Quality Control: Design Patent System Reform Under New Chinese Patent Law

15 September 2009 Publication


By Jo Xu and Max Lin, Foley & Lardner LLP

The new Chinese Patent Law, effective on October 1, 2009, has made several significant changes that will reform China’s design patent system and influence design patent practice. The following examples highlight changes in the new Patent Law.

Example 1: Beverage Company A plans to apply for design patents on its bottle labels in order to secure quick IP protection for its newly launched products. Can Company A seek design patents to protect its labels?

Under the current Chinese Patent Law, Company A can seek design patents for the bottle labels. However, it will be difficult to obtain design patents on the bottle labels under the new Patent Law if the pattern, colors, or combinations on the bottle labels are primarily used for identification purposes.

Under Article 25(6) of the new Patent Law, a patent design has four elements:

  • Incorporated into a product
  • Based on product’s shape, pattern, or color
  • Creates an aesthetic feeling
  • Fit for industrial application

As noted above, the new Patent Law explicitly excludes designs primarily used for identification purposes from patentable subject matter. Based on the current statistics, such design patents enjoy a high rate in China’s patent system. However, in order to control the quality of design patents that shall be functionally value-added to the products and creativity, the new Patent Law no longer protects such designs if they are only for identification purposes.

Example 2: Foreign Company B launched a new clock design in the United States before obtaining any IP rights. The clocks were designed, sold, and manufactured exclusively in the United States, and the new design was never published in China. If Chinese Company C applied for the same design in China, could Company C obtain a design patent despite Company B’s activities in the United States?

Based on the current Patent Law, Company C could obtain a patent on the design because public use outside of China will not preclude design patent protection in China. It would be difficult for Company B to invalidate Company C’s design patent.
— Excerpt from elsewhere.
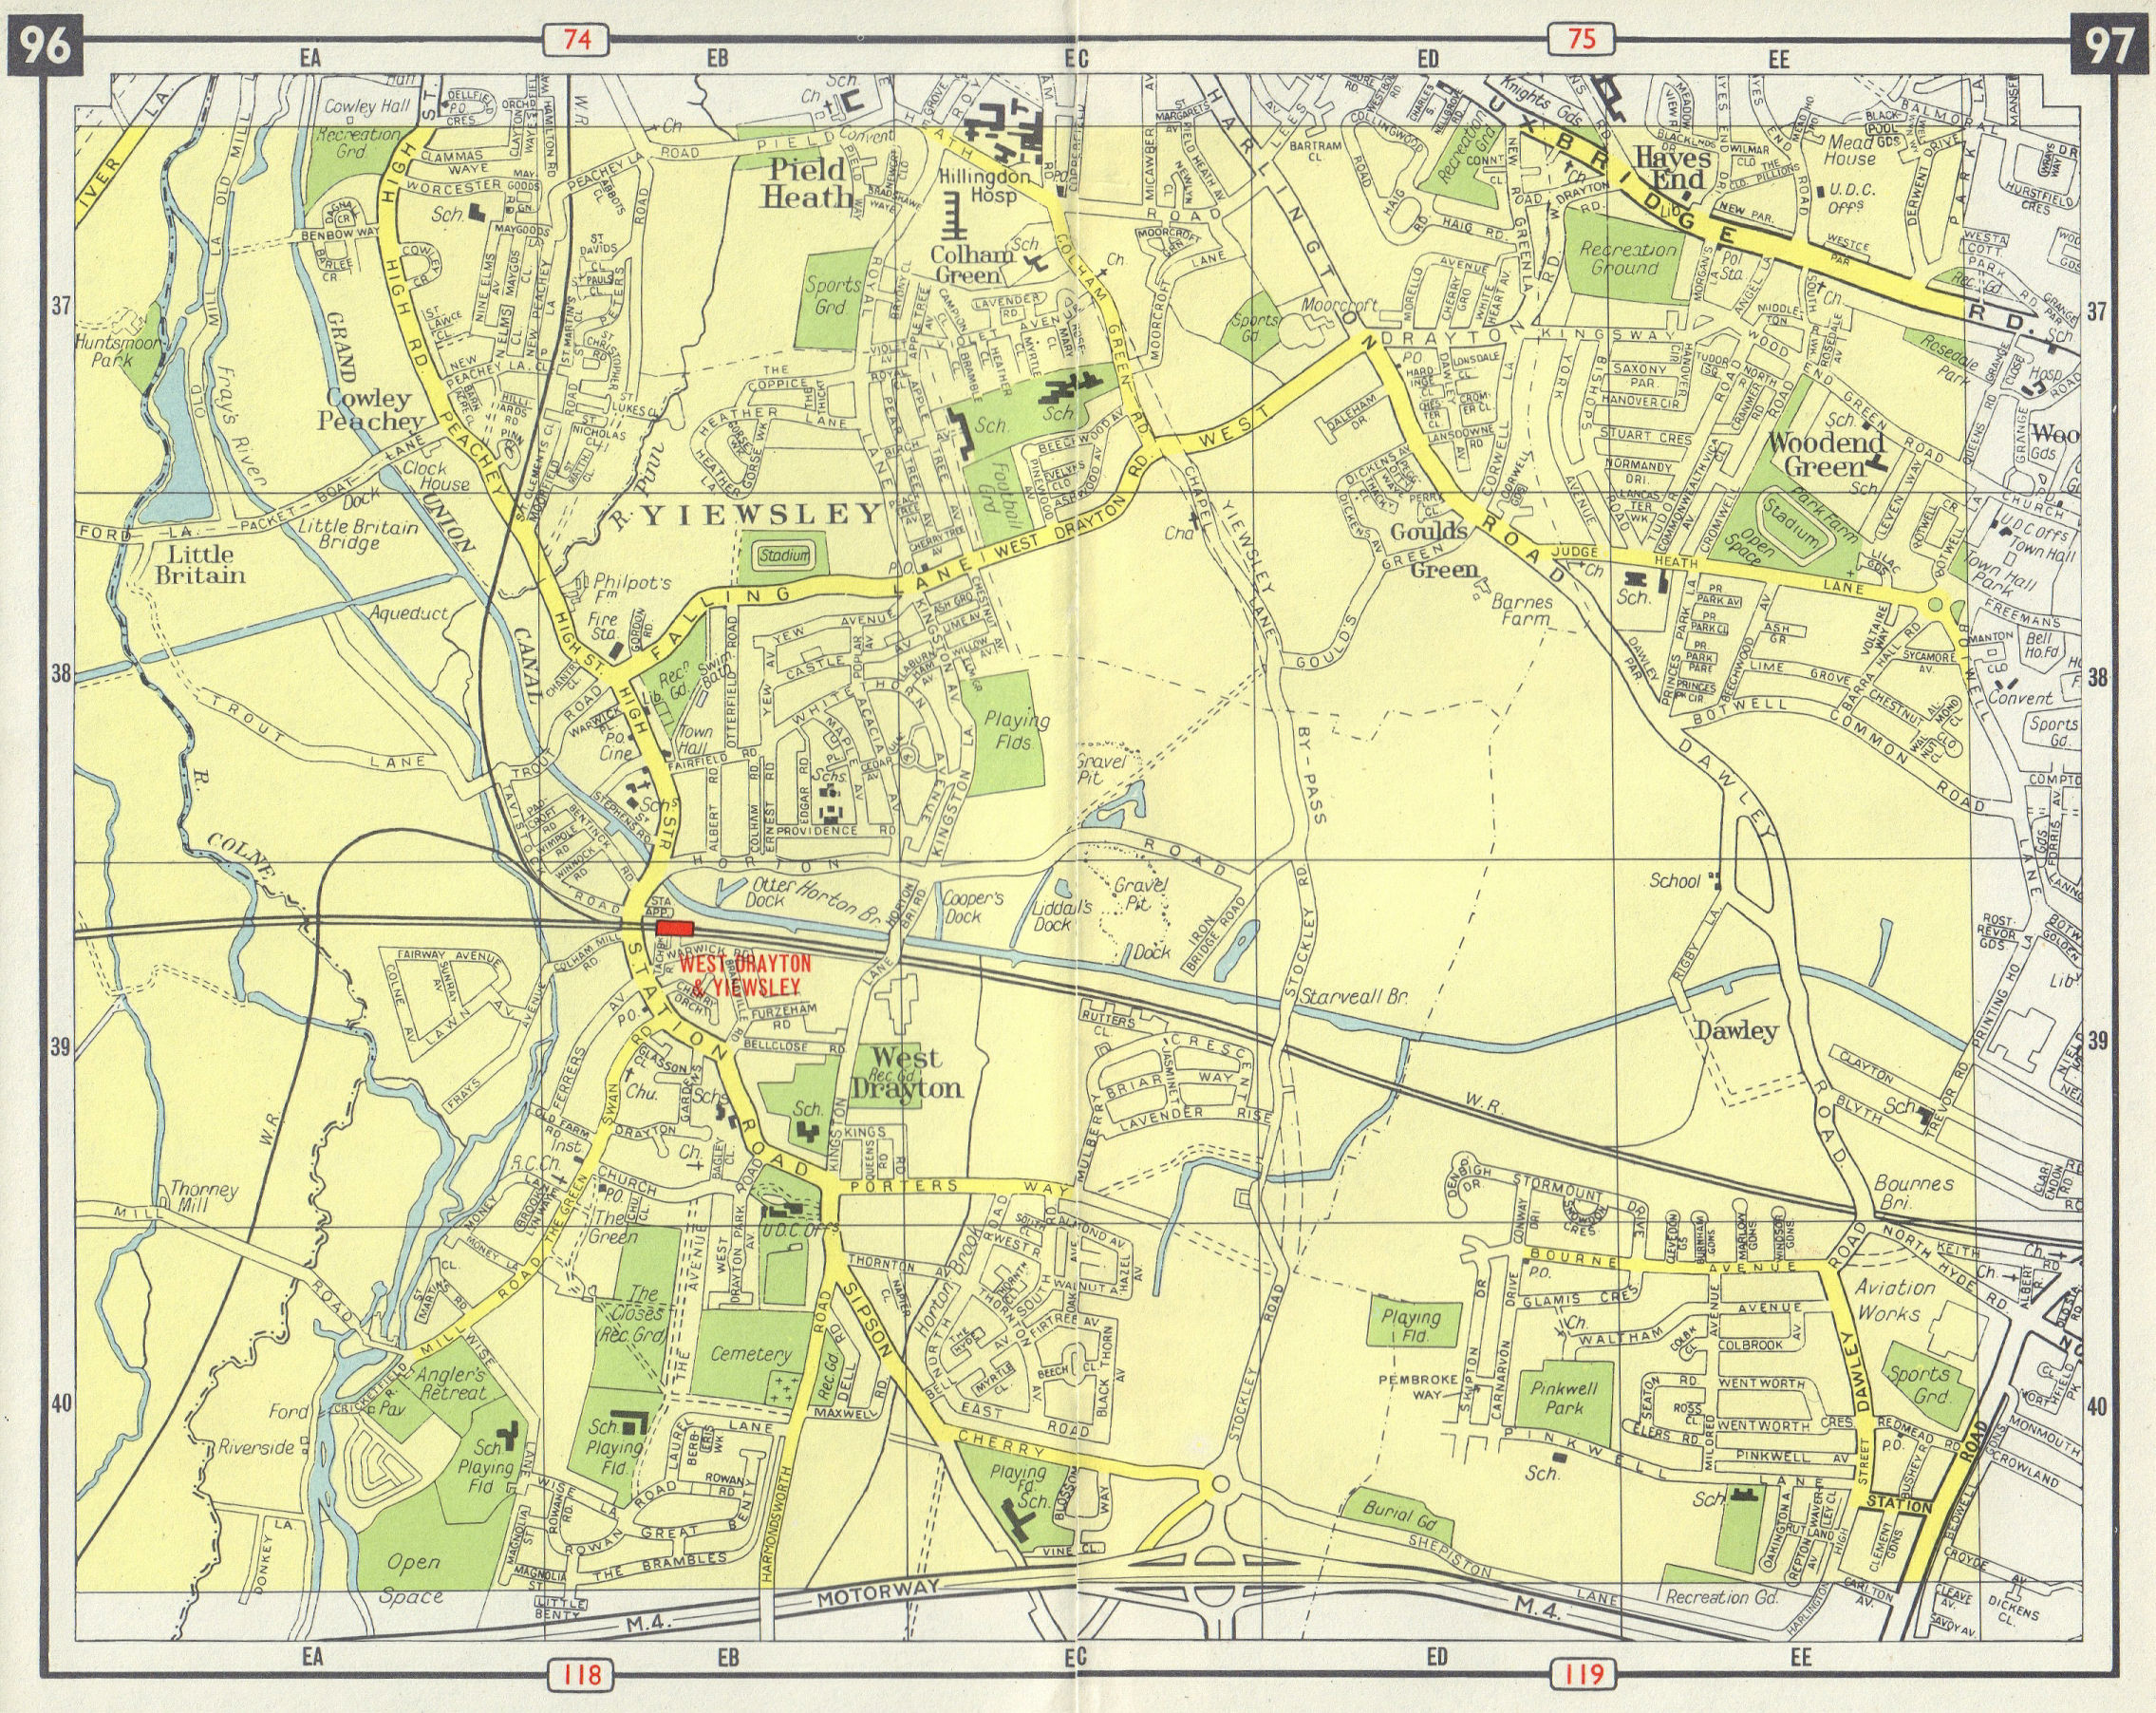 Associate Product W LONDON West Drayton Yiewsley Hayes Pied Heath Woodend/Goulds Green 1965 map

Under Article 23, public use or disclosure of a design anywhere in the world will be considered prior art for the designs. The new Patent Law requires a patented design to be substantially different from the prior art. In the above example, Company B could argue invalidity of Company C’s patent based on the public use of the prior design in the United States.

In a related issue, the new Patent Law has adopted an absolute novelty standard such that any prior public disclosure anywhere in the world can be cited as a prior design against the novelty of a design patent application. Furthermore, the new Patent Law provides that conflicting applications will destroy the novelty of a later design patent application.

Example 3: Fine furniture Company D launched a new series of sofas. The sofa designs are slightly different from each other but share the same concept. Can Company D obtain patent protection for its new sofa series?

The current Patent Law would allow Company D to file for a design patent on one of its sofa designs — but not the series. Articles 27 and 31 of the new Patent Law, however, provide for the submission of similar designs for one product in one application. The result is that multiple designs can be protected under one “root” design patent. Applicants applying for a root design patent must submit pictures of all designs and a brief introduction of the series to obtain complete protection. When submitting the application, the applicant needs to point out the root design, and the number of similar designs can not exceed 10 units. These requirements are designed to prevent willful infringement and encourage innovation. In practice, a patent owner should consider assigning or licensing all the designs under the same root patent to avoid potential patent disputes.

Besides the aforementioned revisions, the new Patent Law also confirms the following significant amendments that may influence the general practice.

No First Filing or National Security Review for Design Patent
The current Patent Law requires that all Chinese patent applications filed by a Chinese applicant be filed first in China. The new Patent Law has “waived” the first filing requirement for all applications but requires a national security review prior to the filing of an invention or utility application in a foreign country.

Scope of Protection Broadened
In light of the relevant TRIPs provisions, the new Patent Law extends the scope of design patent protection to cover “offer-for-sale” activity. As a result, such offer-for-sale activities are prohibited without the patentee’s authorization. This revision may provide better protection for the increasing number of Internet design patents.

Prior Design Defense Codified
Under the current Patent Law, two parallel systems handle patent infringement and invalidation proceedings. Practically, the accused infringer will likely file an invalidation petition in order to challenge the patent at issue. This result may not be beneficial to the alleged infringer, especially if the claimed infringement actually falls into a prior design. The doctrine of prior design defense simplifies the infringement proceedings and will be fleshed out and clarified by judicial interpretation. For example, an open issue will be whether a defendant can rely on a combination of prior designs as prior art to defend against an infringement claim.

The new Patent Law has made several significant amendments to the design patent system in China in an effort to raise the standard of design patent protection and to encourage innovation. Many companies, especially in the fast-moving consumer goods (FMCG) and design industries, will be influenced by such amendments. Design patents can no longer be regarded as the fastest way to get IP protection. In the short term, companies may find it more difficult to obtain design patents. However, in the long term, the disputes between trademark, copyright, and other IP rights may decrease as design patents become more effective from an enforcement perspective. The overall implementation and effect of the new amendments will depend on judicial practice and remain to been seen.